I am looking for an easy example of two transition systems that are LTL equivalent, but not trace equivalent.
I have read the proof of Trace Equivalence being finer than LTL Equivalence in the book "Principles of Model Checking" (Baier/Katoen) but I'm not sure I really understand it. I am unable to picture it, is there maybe a simple example that can visualize the difference?
Reading Baier and Katoen closely, they are considering both finite and infinite transition systems. See page 20 of that book for definitions.
First, take the simple transition system $EVEN$:
Lemma: No LTL formula recognizes the language $L_{even} = $Traces$(EVEN)$. A string $c \in L_{even}$ iff $c_i = a$ for even $i$. See Wolper '81. You can prove this by first showing that no LTL formula with $n$ "next-time" operators can distinguish the strings of the form $p^i\neg p p^\omega$ for $i> n$, by a simple induction.
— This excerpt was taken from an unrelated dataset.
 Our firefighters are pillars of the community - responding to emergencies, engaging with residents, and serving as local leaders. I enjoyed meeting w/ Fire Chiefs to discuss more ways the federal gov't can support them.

Consider the following (infinite, non-deterministic) transition system $NOTEVEN$. Note that there are two different initial states:
Its traces are precisely $\{a,\neg a\}^\omega - L_{even}$.
Corollary to the Lemma: If $NOTEVEN \vDash \phi$ then $EVEN \not\vDash \neg\phi$
Now, consider this simple transition system $TOTAL$:
Its traces are clearly $\{a,\neg a\}^\omega$.
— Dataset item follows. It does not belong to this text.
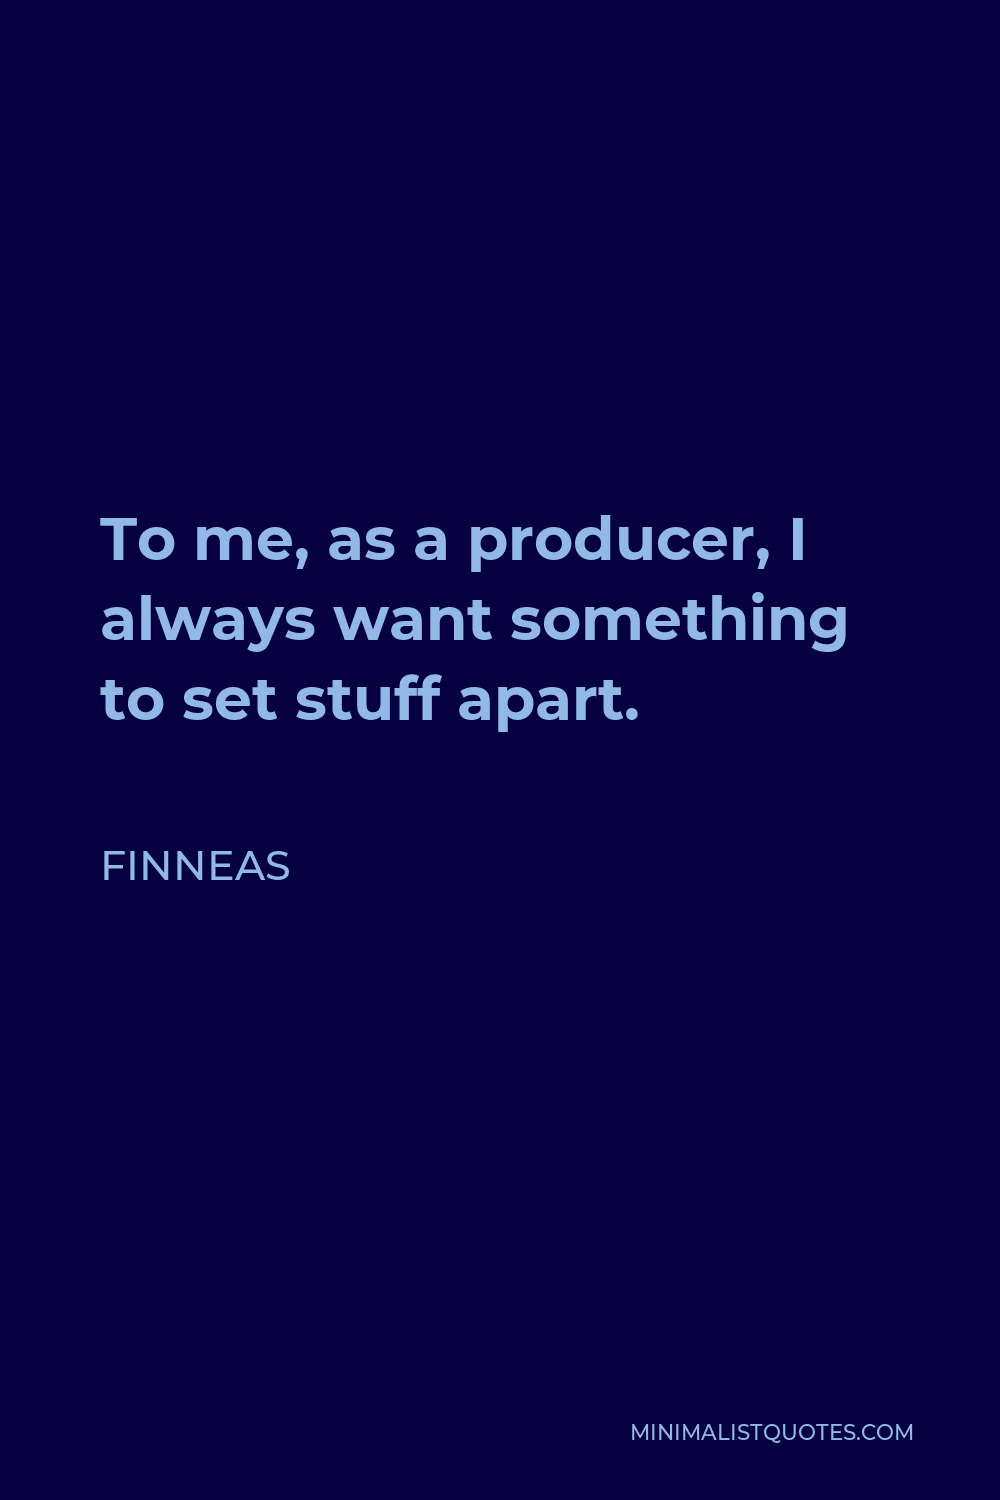 Finneas Quote - To me, as a producer, I always want something to set stuff apart.

Thus, $NOTEVEN$ and $TOTAL$ are not trace equivalent. Suppose they were LTL inequivalent. Then we would have an LTL formula $\phi$ such that $NOTEVEN \vDash \phi$ and $TOTAL \not\vDash \phi$. But then, $EVEN\vDash \neg\phi$. This is a contradiction.
Thanks to Sylvain for catching a stupid bug in the first version of this answer.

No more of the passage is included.